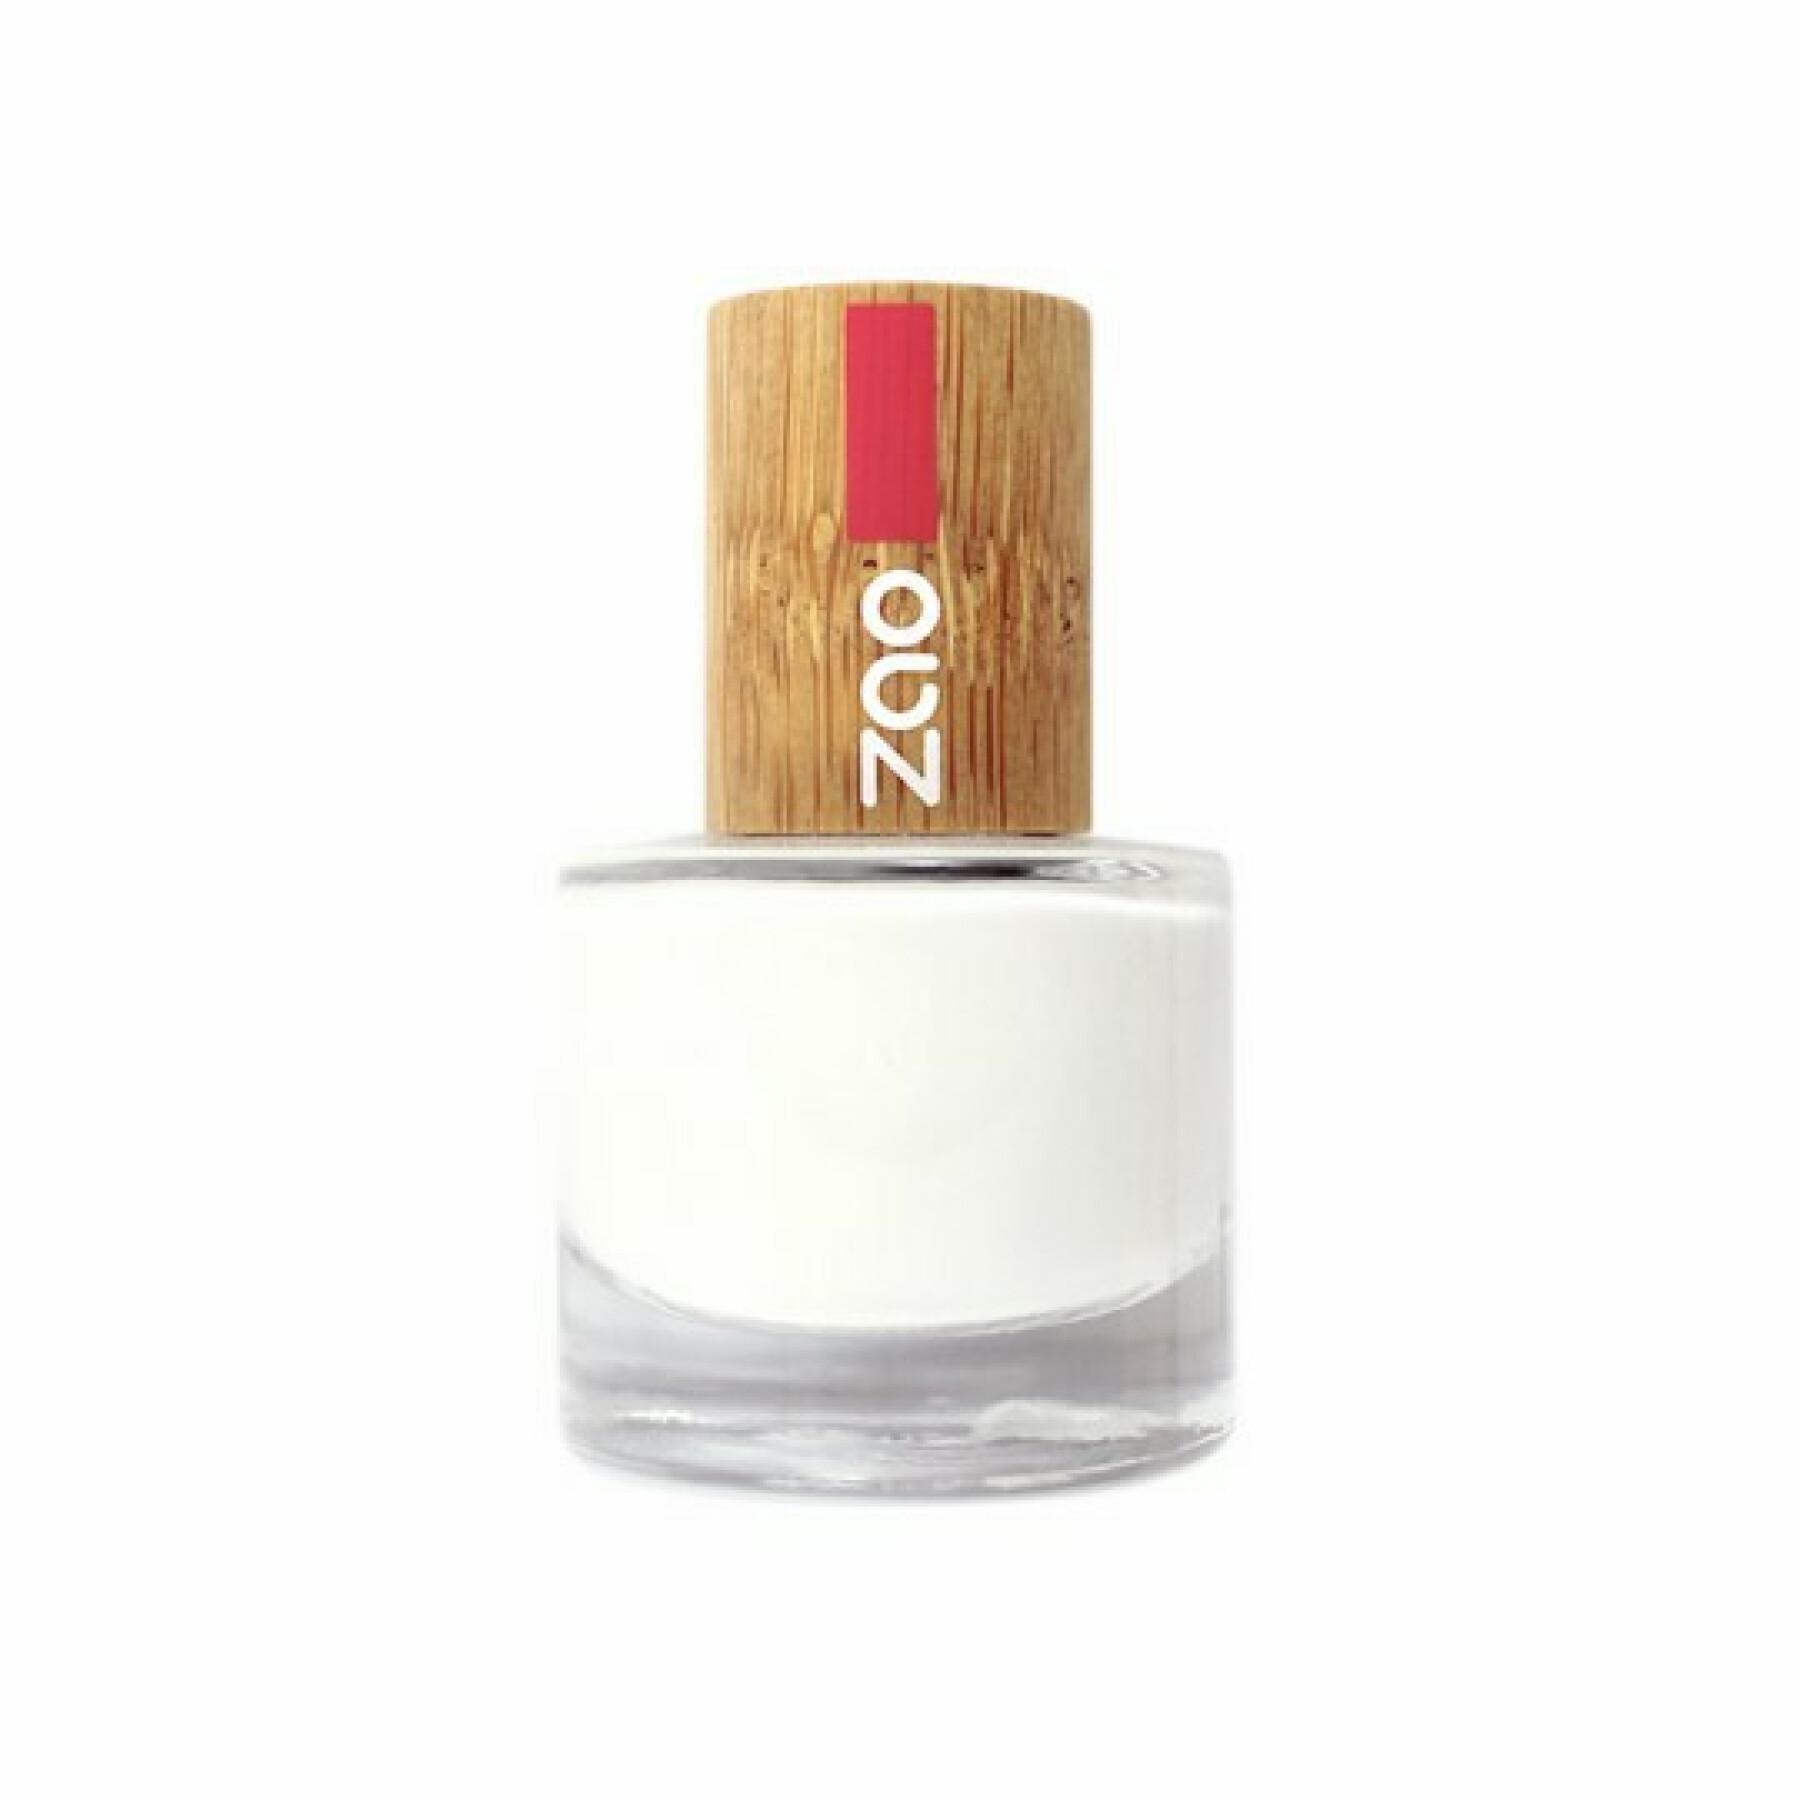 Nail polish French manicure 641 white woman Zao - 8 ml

...

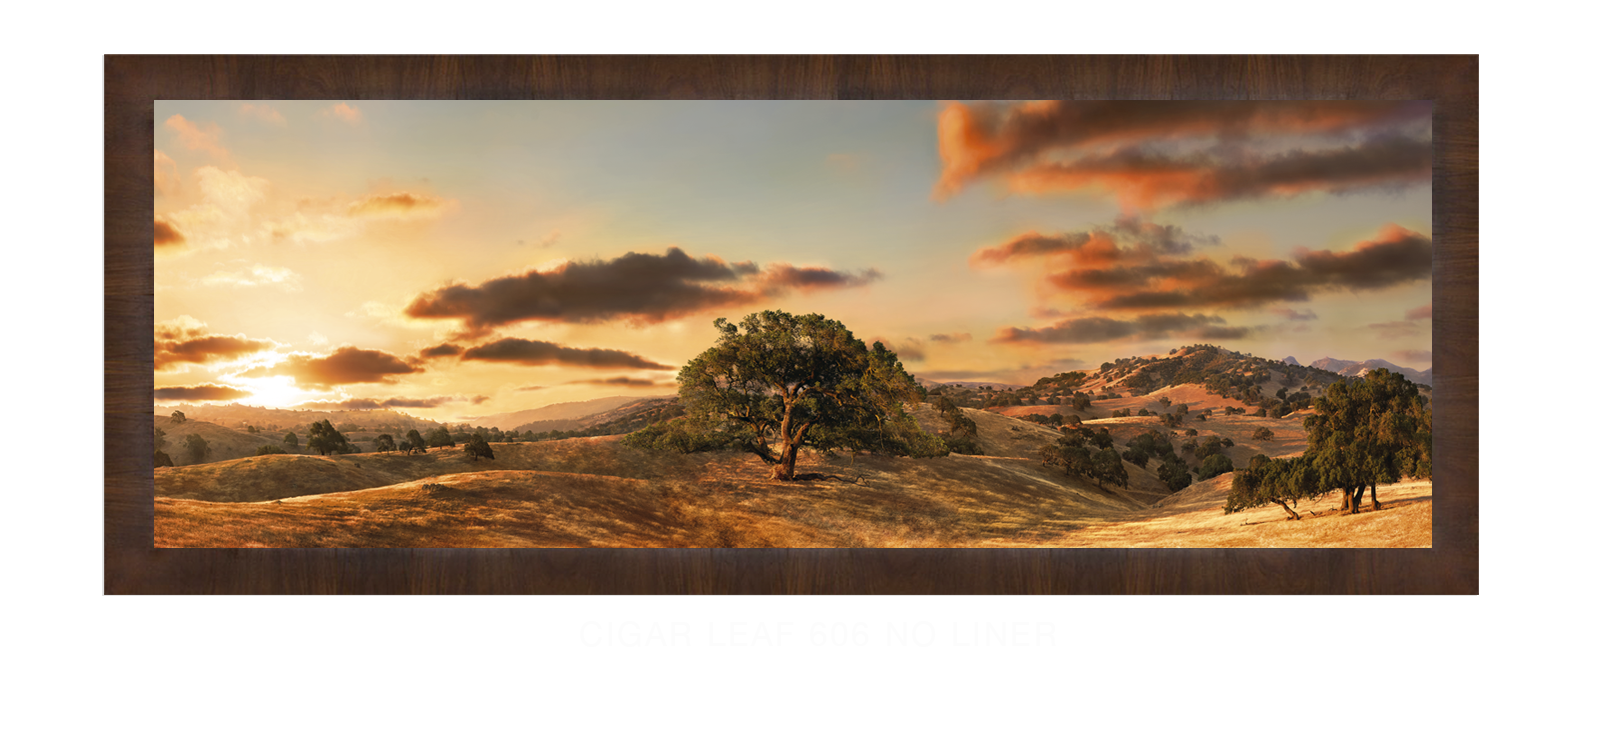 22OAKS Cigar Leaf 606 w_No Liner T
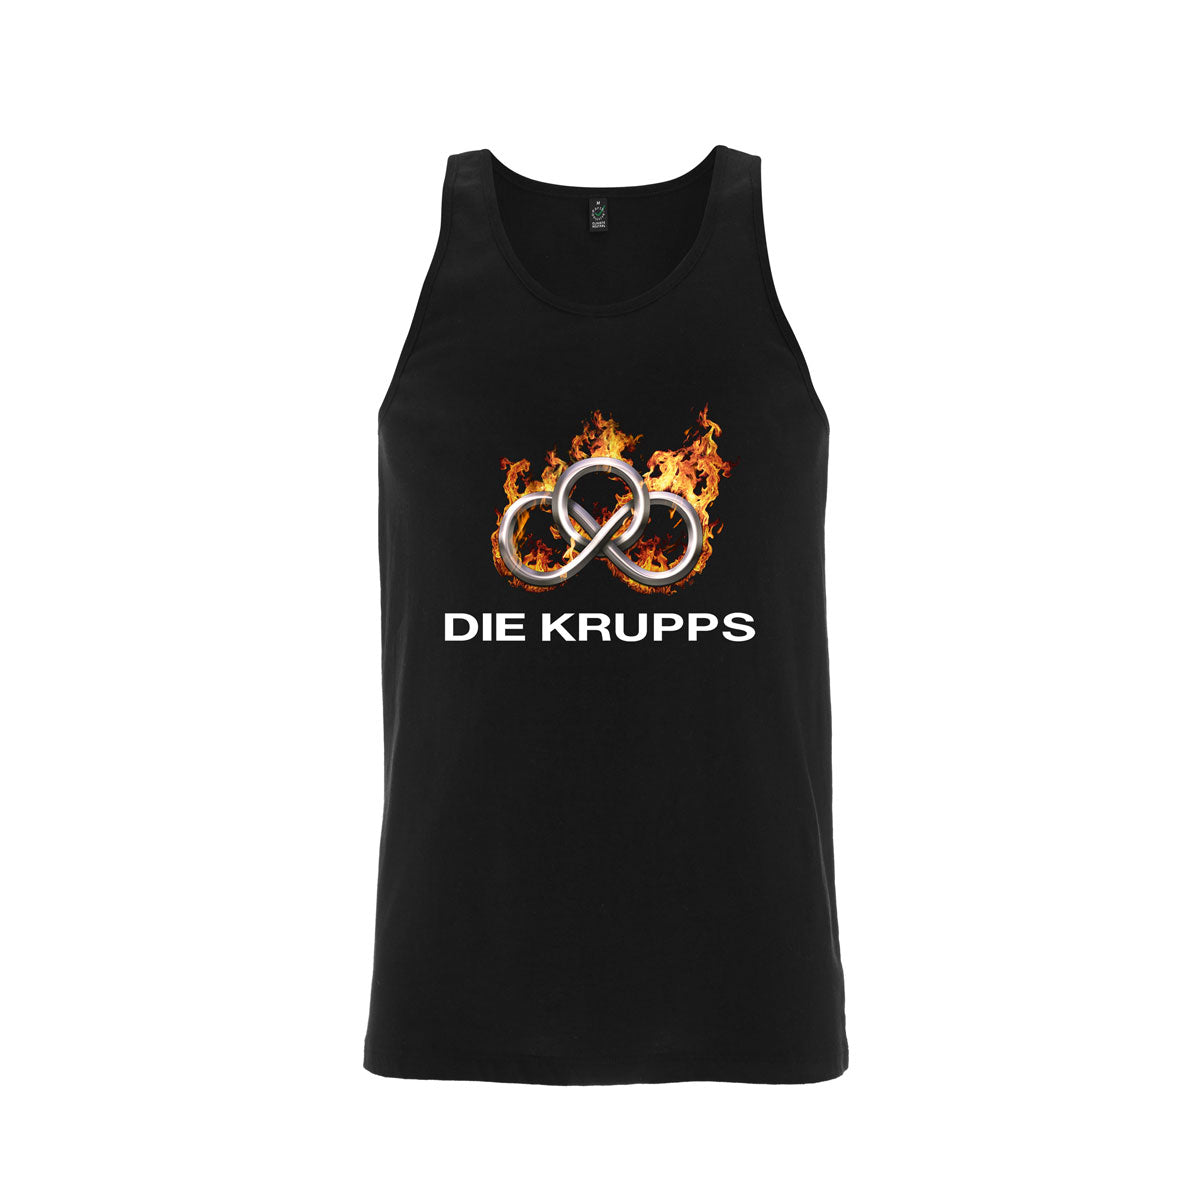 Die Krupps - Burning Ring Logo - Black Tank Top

--

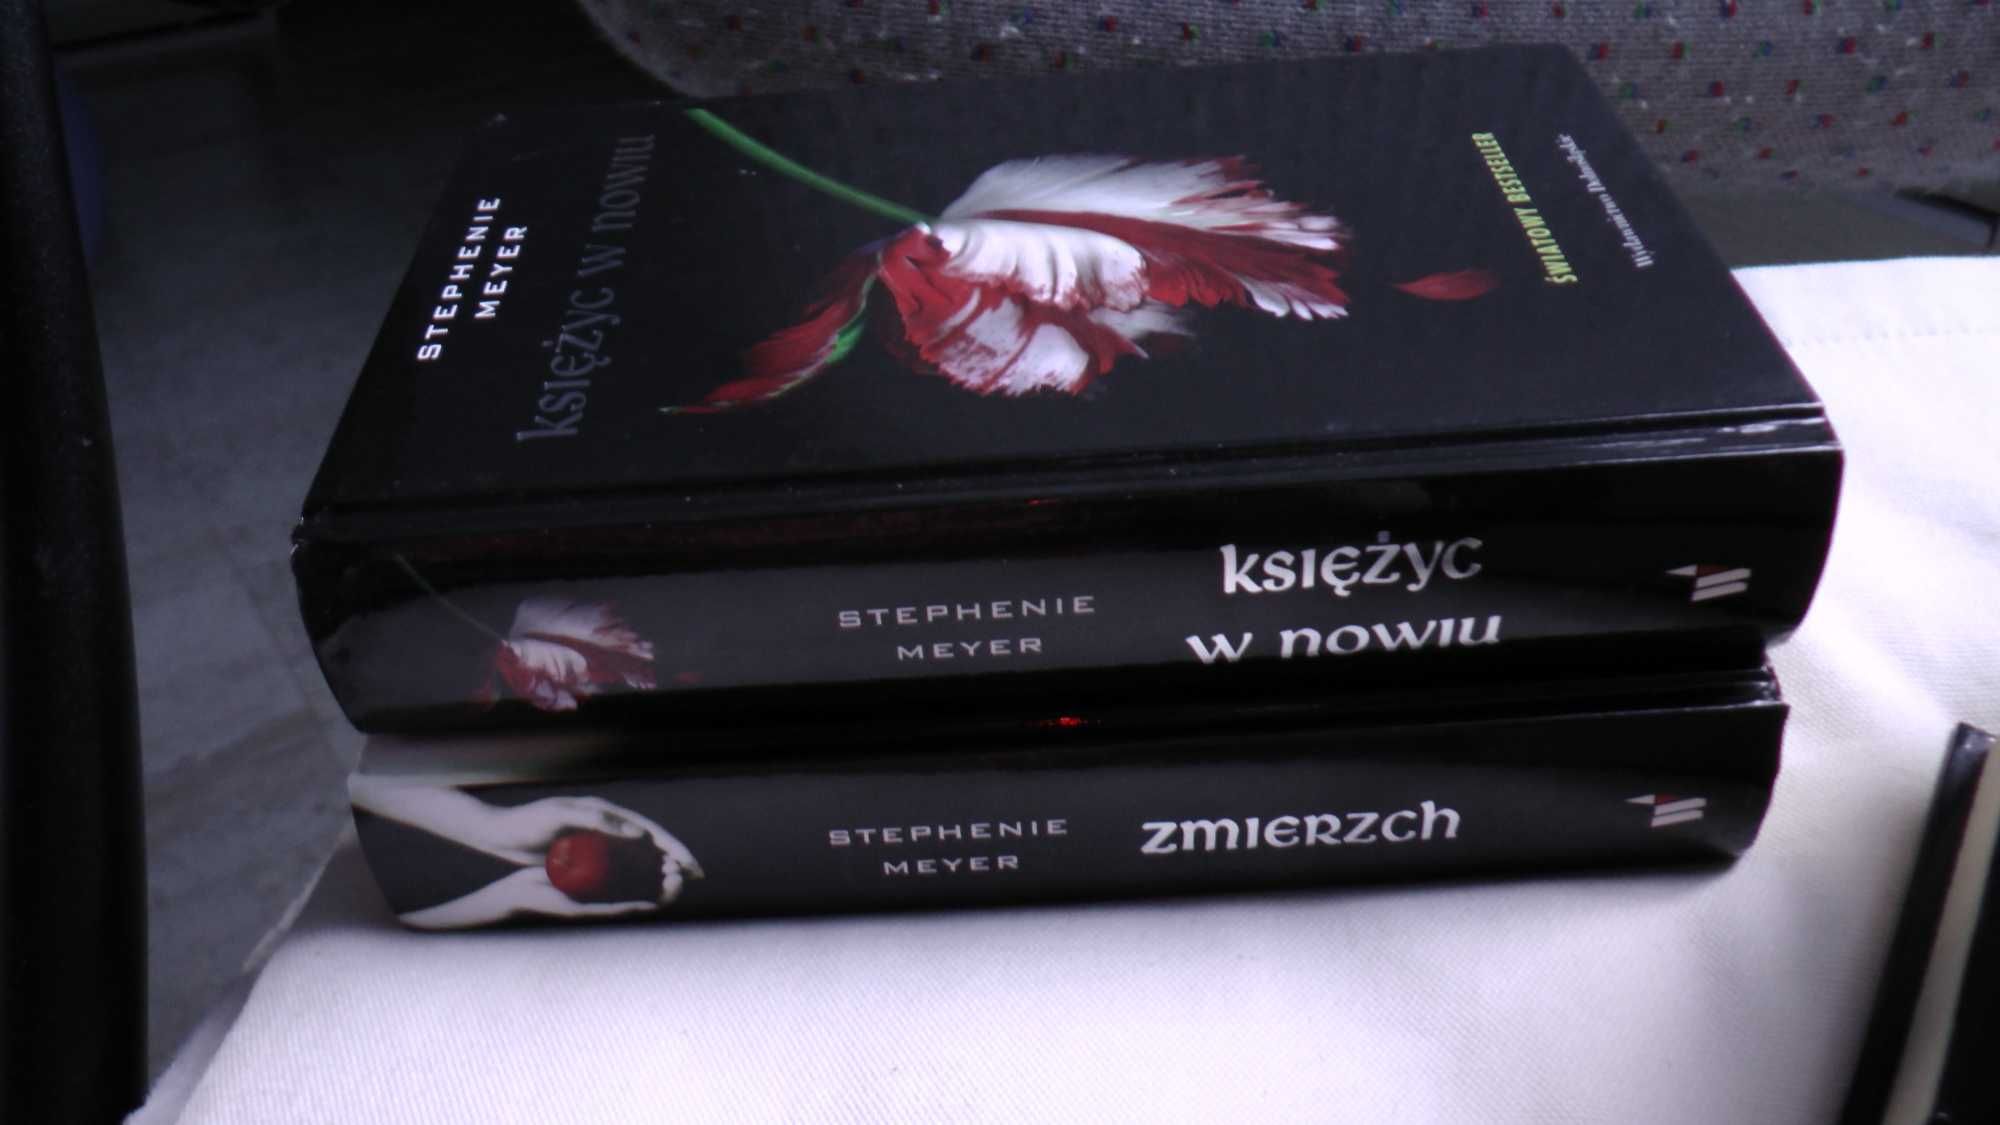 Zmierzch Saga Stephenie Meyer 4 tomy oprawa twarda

■ PROBLEM DETAILS ■
Using the listing above, restate exactly the range between the lines holding "22OAKS Cigar Leaf 606 w_No Liner T" and "Die Krupps - Burning", inclusive, with pictures left out.

■ WRITTEN SOLUTION ■
 22OAKS Cigar Leaf 606 w_No Liner T
 Die Krupps - Burning Ring Logo - Black Tank Top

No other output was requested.